[continued from “Part One”]
About a third of the way through the pope’s interview, the subjects became more appealing to me, starting with the section subtitled “Thinking with the Church.” Pope Francis asserts, reminding us all, that the Church is not only the buildings and the priests and deacons who serve Mass and hear confession, but the people who show for Mass, too. He said,
In the history of salvation, God has saved a people. There is no full identity without belonging to a people. No one is saved alone, as an isolated individual, but God attracts us looking at the complex web of relationships that take place in the human community. God enters into this dynamic, this participation in the web of human relationships.
Yet, Pope Francis warns us, “we must be very careful not to think that this infallibilitas of all the faithful I am talking about in the light of Vatican II is a form of populism.” Taking this idea of thinking with the church, the pope tiptoes the narrow line between asserting the importance of ordinary parishioners and assuming their superiority over the Church’s hierarchy.

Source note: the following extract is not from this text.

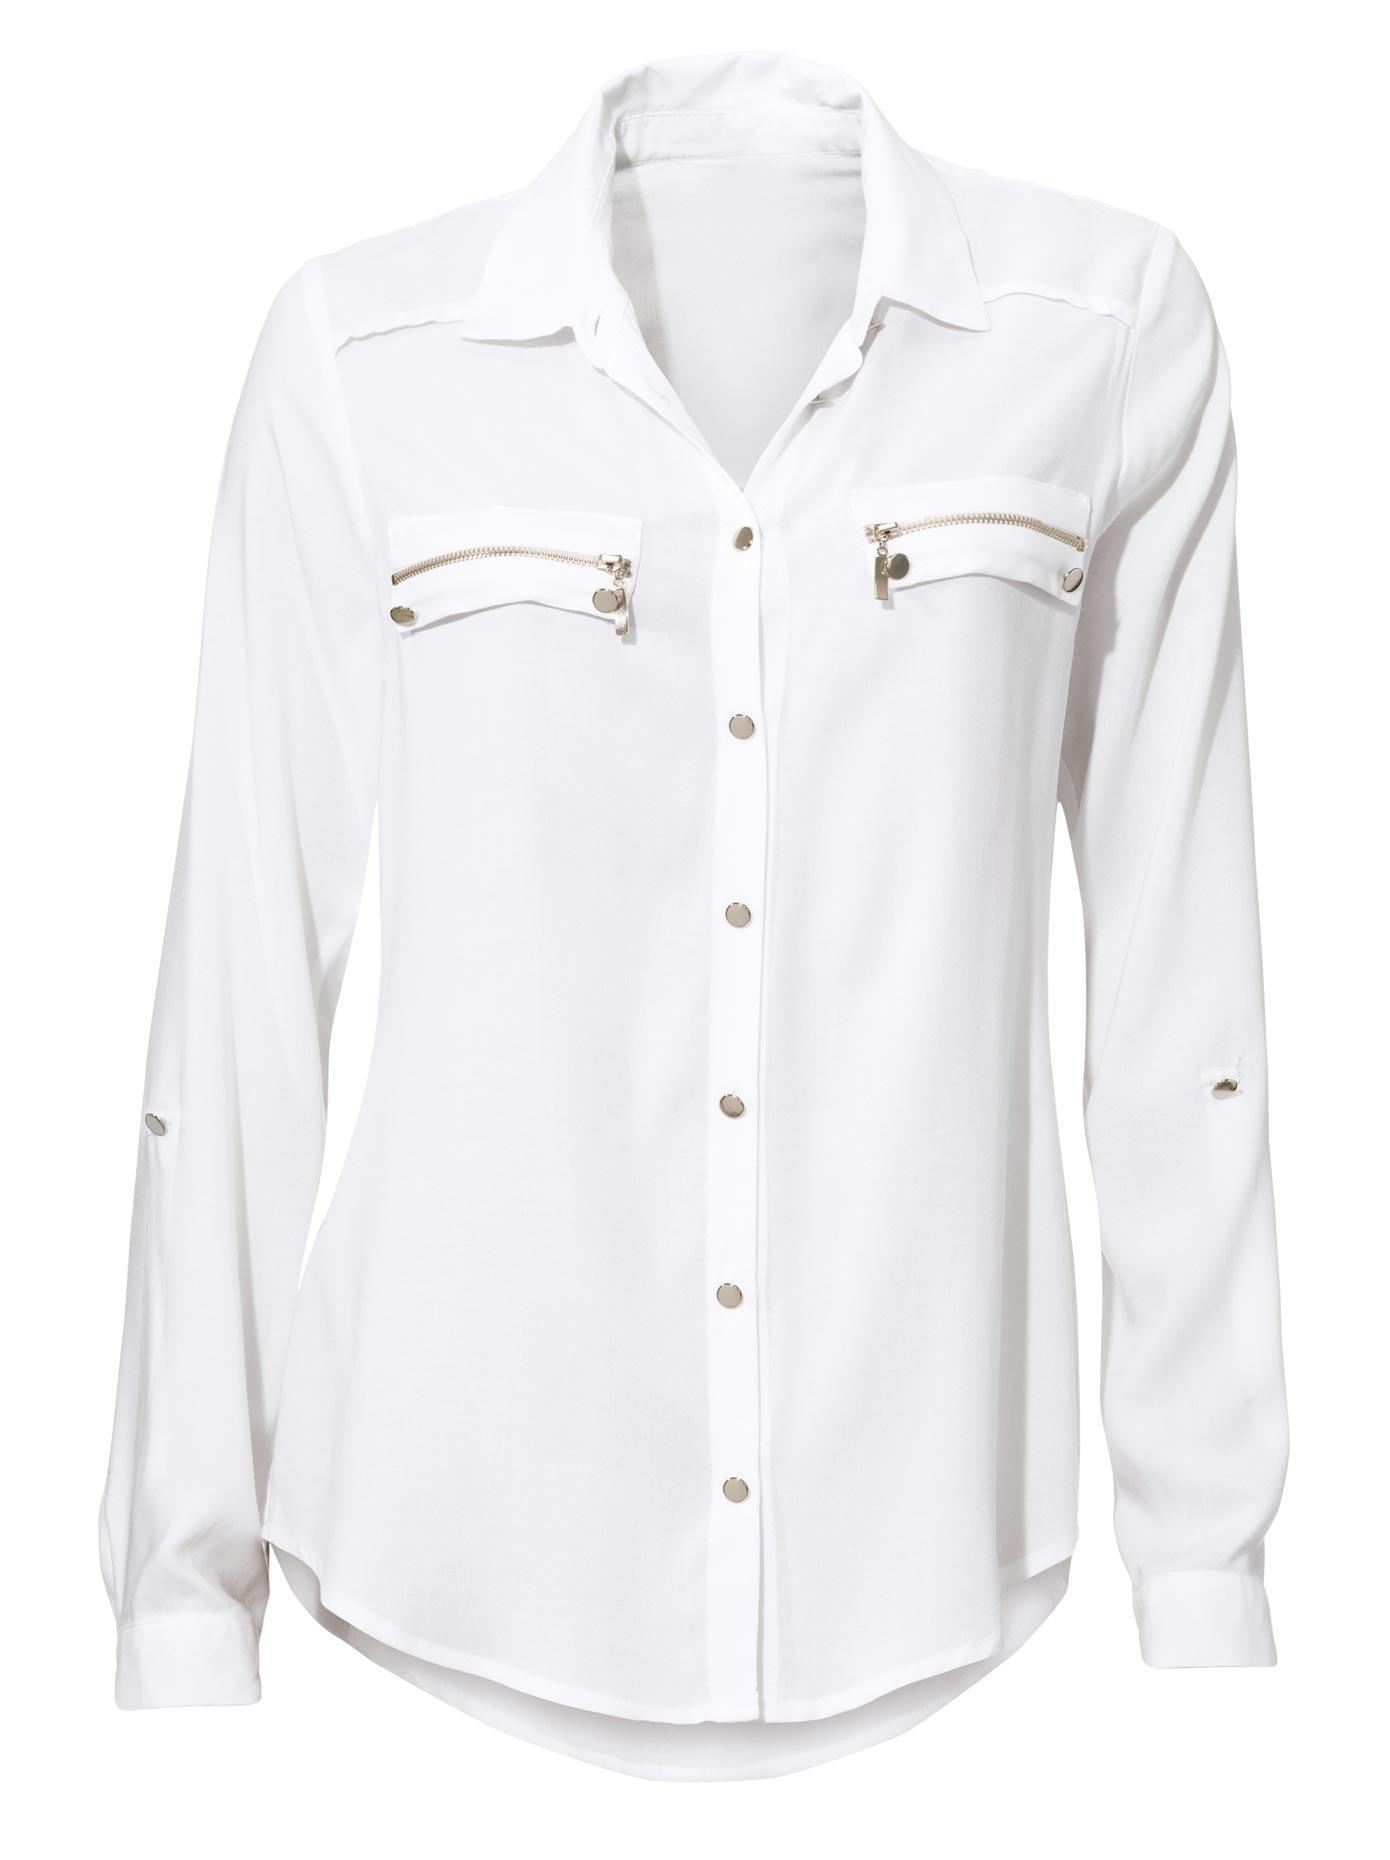 RICK CARDONA by Heine Overhemdblouse bij OTTO online kopen

The terminology used here about the “complex web” reminds me very much of Michel Foucault’s ideas about social interrelationships, power struggles, and the connections between knowledge and power. In the Catholic church, we have a multifaceted institutional identity, in which some people have more knowledge than others and which by its own definition is constantly evolving, growing closer ever to God through the Holy Spirit’s guidance. This identity is made up of distinct groups, working simultaneously, each in its own way: parishioners from all over the world, parish priests and deacons, bishops and cardinals, et al— i.e. the “complex web.” One of our local parish priests likes cite a comment made by Cardinal John Henry Newman; when asked how he felt about the laity, Newman answered, “We’d look pretty silly up there without them.” That jibe seems to strike at the heart of what Pope Francis is saying. The Church can’t be a completely top-down venture . . . but his “populism” remark admonishes us that it also can’t be bottom-up.

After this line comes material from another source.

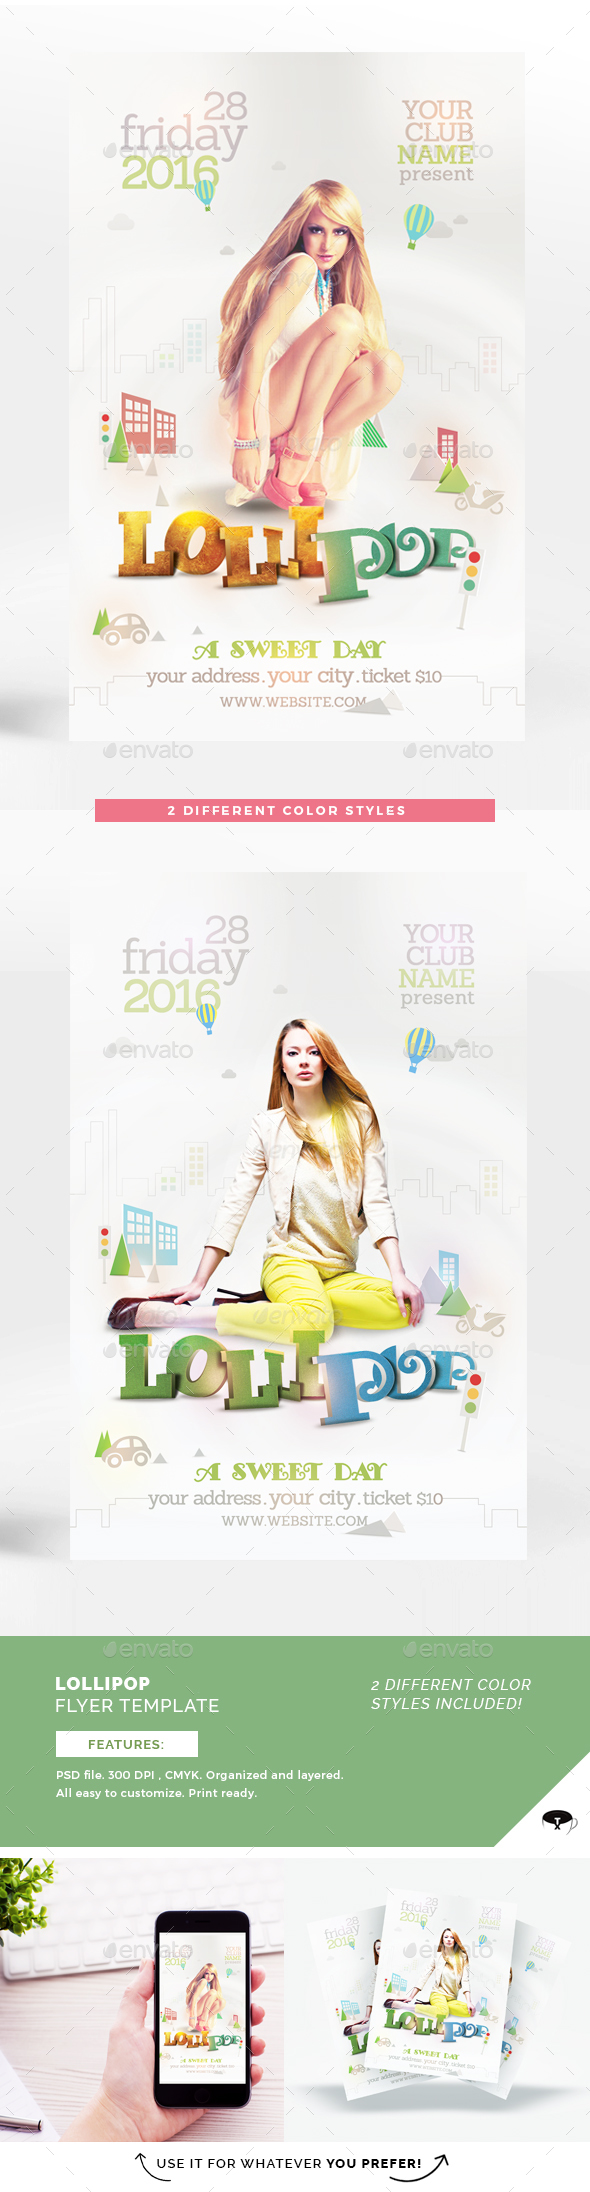 Lollipop Flyer Template - Clubs & Parties Events

Moving on . . . Pope Francis also made this statement: “I often associate sanctity with patience: not only patience as hypomoné, taking charge of the events and circumstances of life, but also as a constancy in going forward, day by day.” As a teacher, I loved reading this. As a father of two children, I loved reading it. As a husband, I loved reading it. Patience as sanctity. If any three duties in life require patience, they are teaching, parenting, and being married. None of them are glamorous or easy, all of them are worthwhile and necessary.
My wife and I talk sometimes about issues related to the Church. We both go back often to the simpler aspects of our faith: prayer, humility, kindness, tolerance, understanding. Although either of us is intellectually capable of being deeply theological – we’re both college-educated, with degrees in humanities disciplines – neither of us feels the need to focus our energy on the policy debates that divide people. Because we both feel that way, I was also glad to read this statement:
“I see clearly,” the pope continues, “that the thing the church needs most today is the ability to heal wounds and to warm the hearts of the faithful; it needs nearness, proximity . . .”
Exactly. If a person has any faith at all in the Gospels, then he has to take stock in the fact that Jesus healed people. Can we heal people in the way that he did? No, certainly not. But can we follow His example and heal people in ways that we can? Yes. This section of the interview is also where those excerpted quotes come from, the ones that the mainstream news has been repeating, like this one:
“The church has sometimes locked itself up in small things, in small-minded rules. The most important thing is the first proclamation: Jesus Christ has saved you. And the ministers of the church must be ministers of mercy first of all.”
and a bit further down, he says,
“The first reform must be the attitude. The ministers of the Gospel must be people who can warm the hearts of the people, who walk through the dark night with them, who know how to dialogue and descend themselves into their people’s night, into the darkness, but without getting lost.”
Pope Francis is talking here about priests, but as a teacher, this advice applies to my profession as well. The image of darkness has long been symbolic of ignorance, the unknown, a lack of clarity, and every day teachers follow their students into this darkness and try to bring them out of it. We have to put ourselves in the mindset of someone who does not know, and we have to lead them toward knowledge and understanding, without getting lost ourselves. So, if that’s what priests also have to do, then I’ve got a lot of sympathy for them.
What I’ve found since devoting myself to this faith is how hard it is to do it right. Read the Gospels, and try to live by what Jesus says to do. Anybody who does will have to give up a lot. I will admit that I’m not all the way there, but I’m trying to move in that direction, at least a little bit every day. The fact is: we all need support, guidance, healing, warmth . . . even the people who are charged by their vocation with giving those thing to others, like teachers and priests.
The last thing I want to discuss in this part of interview is a whopper. Pope Francis drops a bomb on the judgmental types:
“A person once asked me, in a provocative manner, if I approve of homosexuality. I replied with another question: ‘Tell me, when God looks at a gay person, does he endorse the existence of this person with love, or reject and condemn this person?’ We must always consider the person. Here, we enter into the mystery of the human being. In life, God accompanies persons, and we must accompany them., starting from their situation. It is necessary to accompany them with mercy.”
This is the statement of a true leader. Has Pope Francis solved every problem of the Church in his short tenure in the job? No. Has he resolved the impersonal quality of such a huge institution with tendrils branching all over the world? No. But what he emphasizes gives us a basis for resolving those problems: mercy. We’ve got to be merciful toward everyone, including people we don’t like or agree with, and including Church fathers who do things in ways we don’t understand.
One of my favorite short quotes comes from Hasidic rabbi Baal Shem Tov: “May it be my will that my mercy shall overcome my anger.” Not just to be merciful, but to want to be merciful. Pope Francis is saying this same kind of thing. The direction he is laying out is very simple— and very difficult to follow. We’ve got to stop applying all these rules and judging each other with nuanced interpretations, and just be kind toward each other.